Task statement:
Make an exact copy of the data below, leaving out every picture.

Dataset extract:
BEGIN

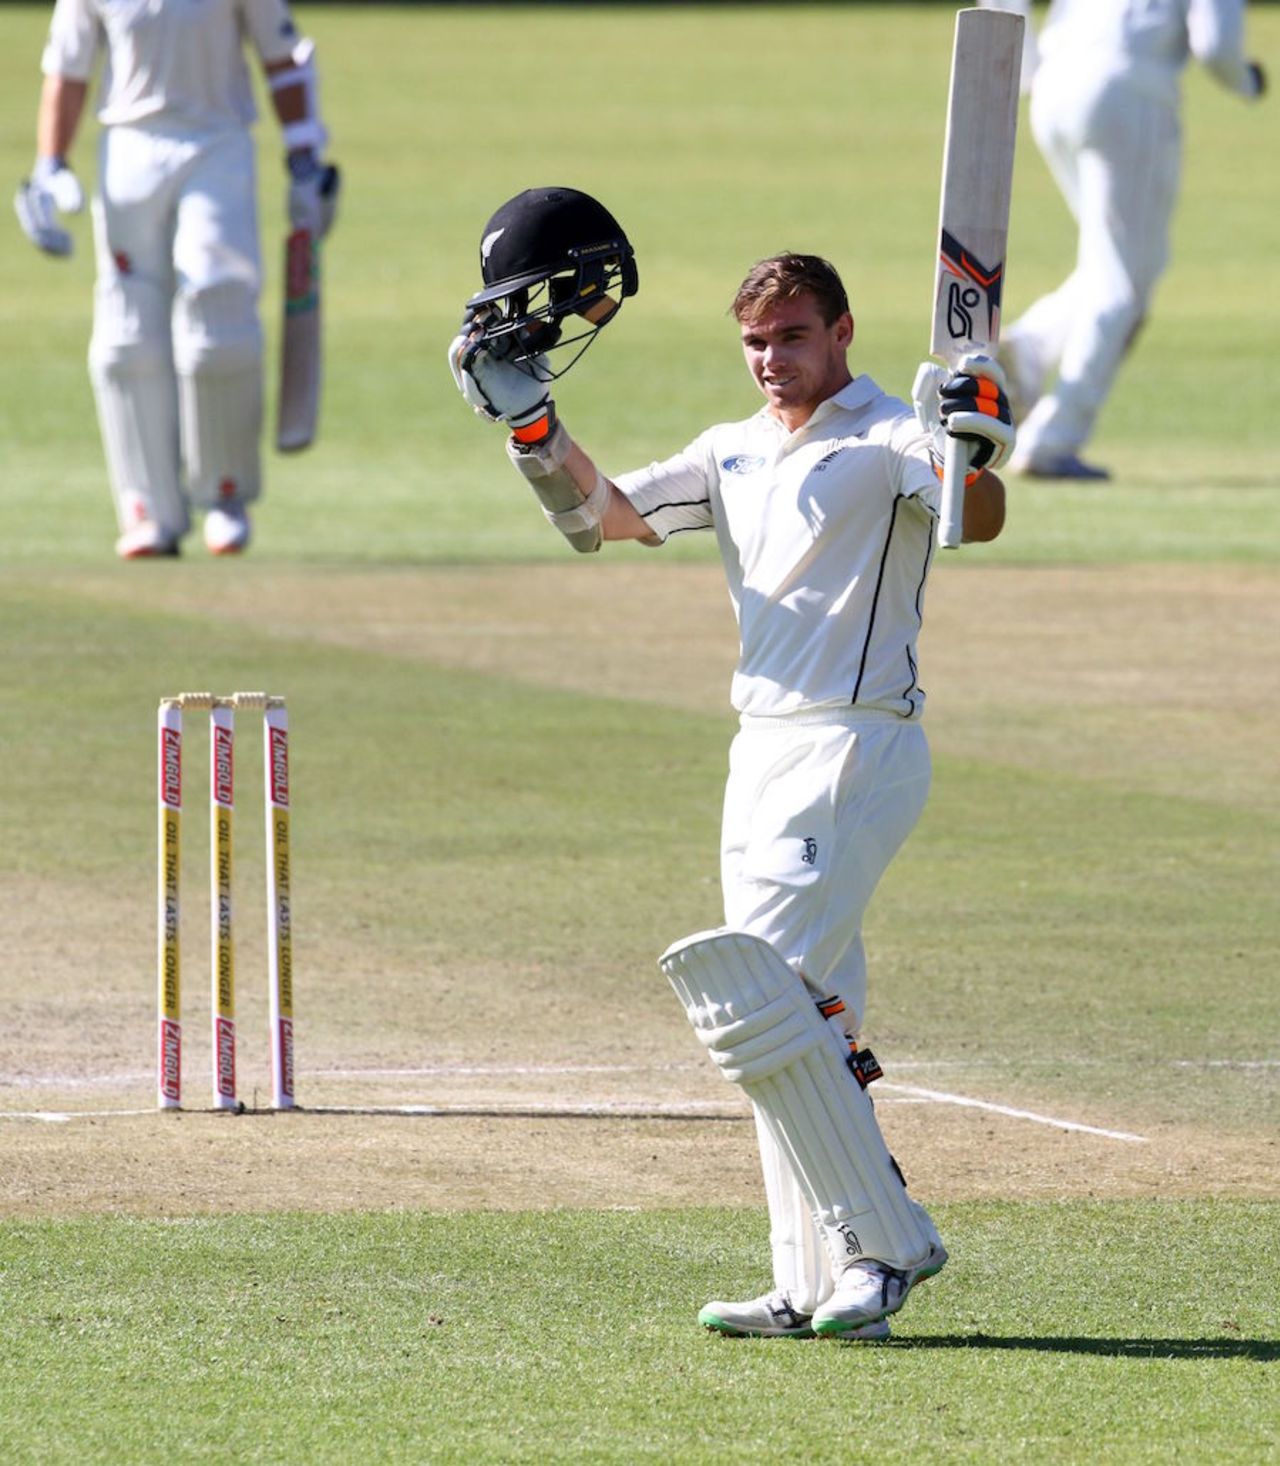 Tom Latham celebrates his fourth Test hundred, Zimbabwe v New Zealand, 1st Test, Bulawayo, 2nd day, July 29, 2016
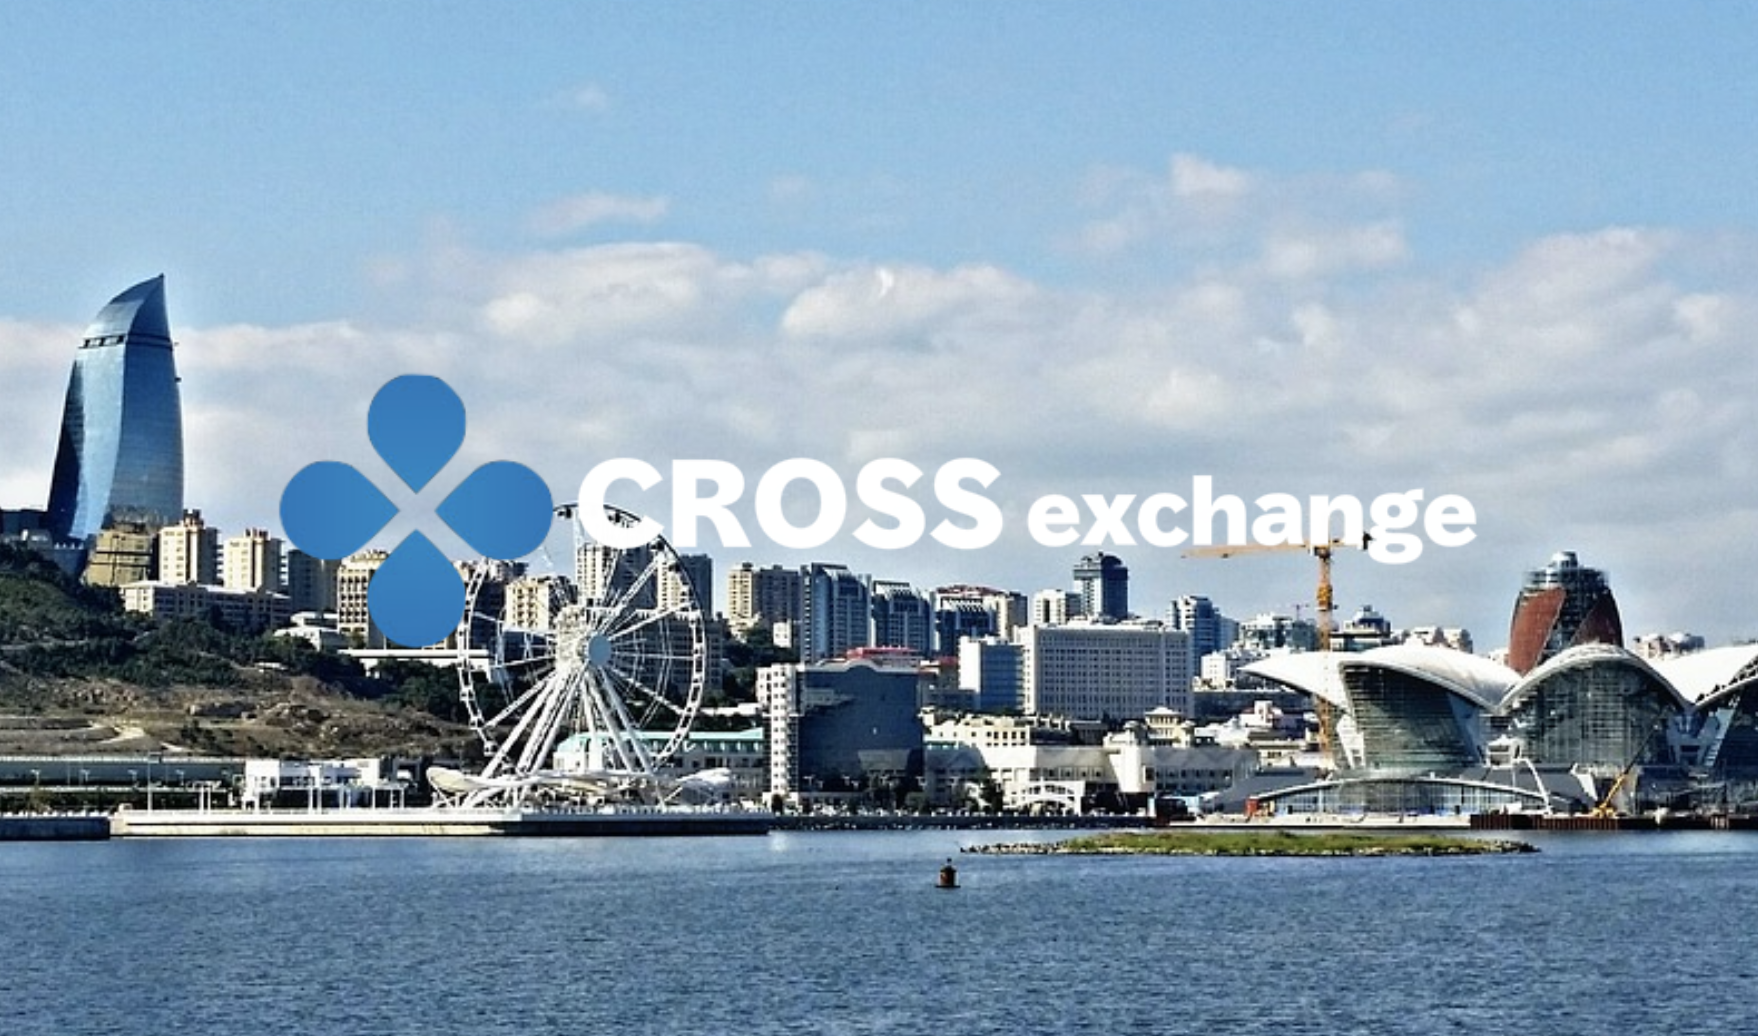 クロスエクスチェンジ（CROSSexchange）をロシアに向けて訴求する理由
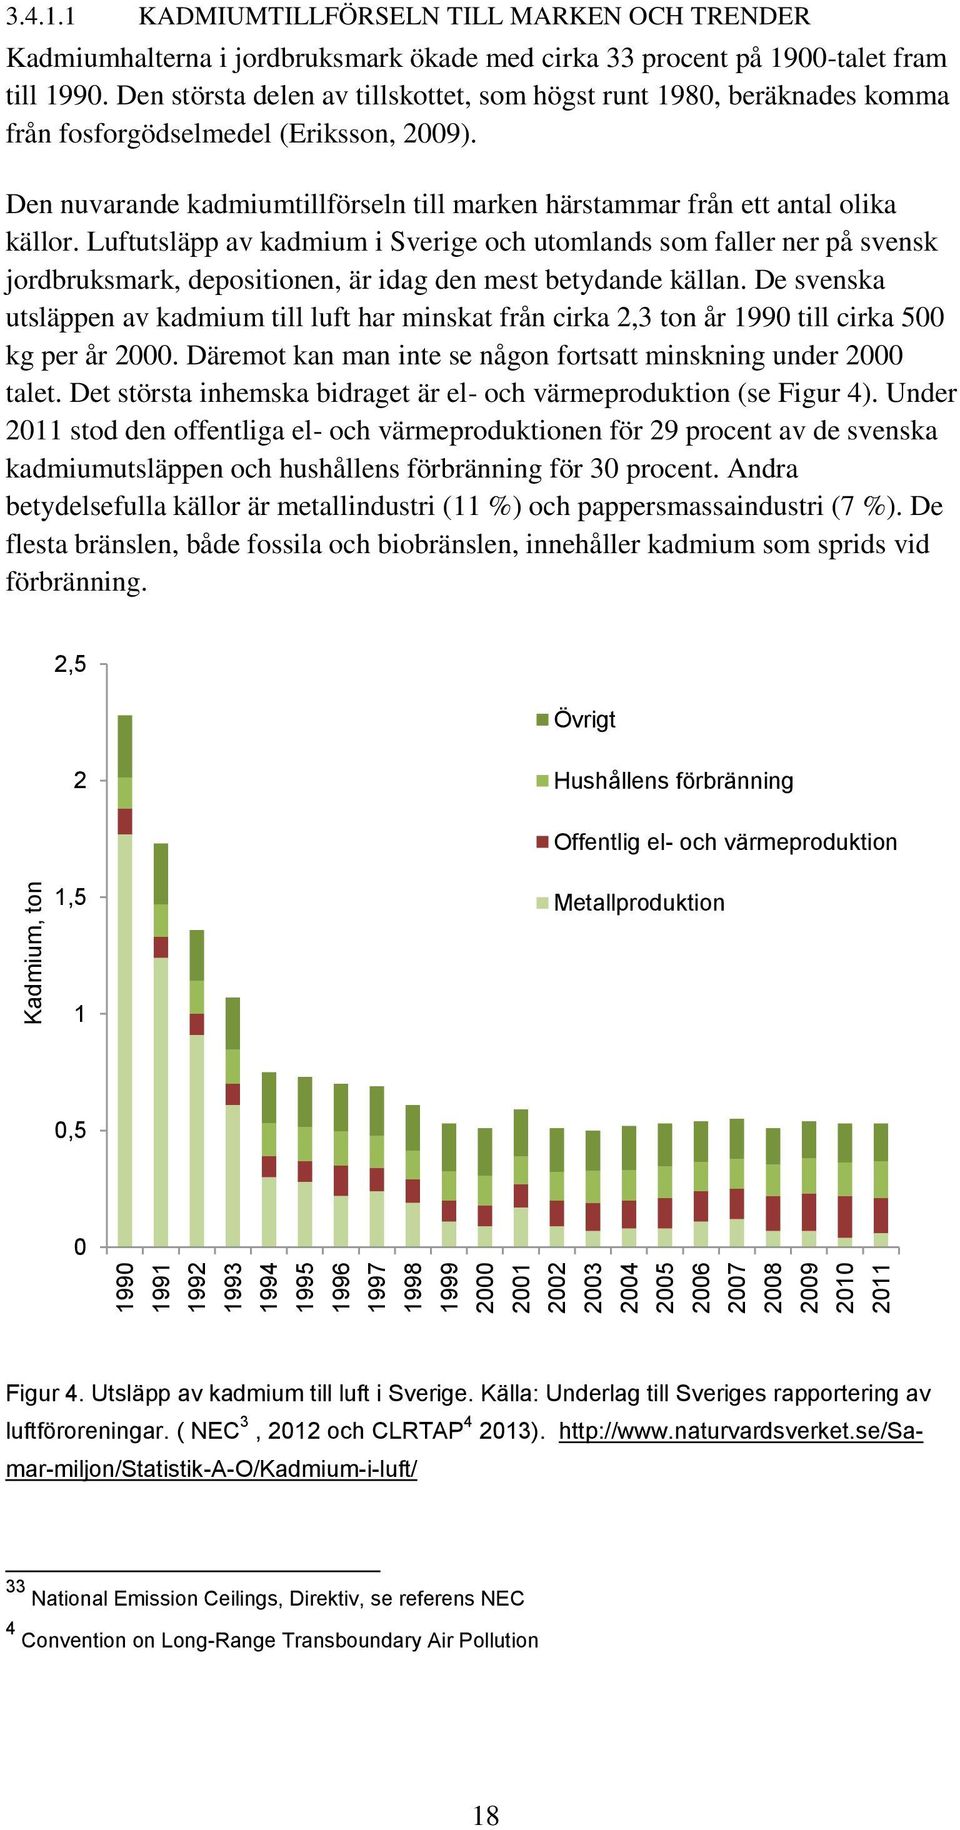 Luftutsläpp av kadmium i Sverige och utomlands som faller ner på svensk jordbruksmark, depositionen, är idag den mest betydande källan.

END

Task output:
 Tom Latham celebrates his fourth Test hundred, Zimbabwe v New Zealand, 1st Test, Bulawayo, 2nd day, July 29, 2016
 クロスエクスチェンジ（CROSSexchange）をロシアに向けて訴求する理由
 Luftutsläpp av kadmium i Sverige och utomlands som faller ner på svensk jordbruksmark, depositionen, är idag den mest betydande källan.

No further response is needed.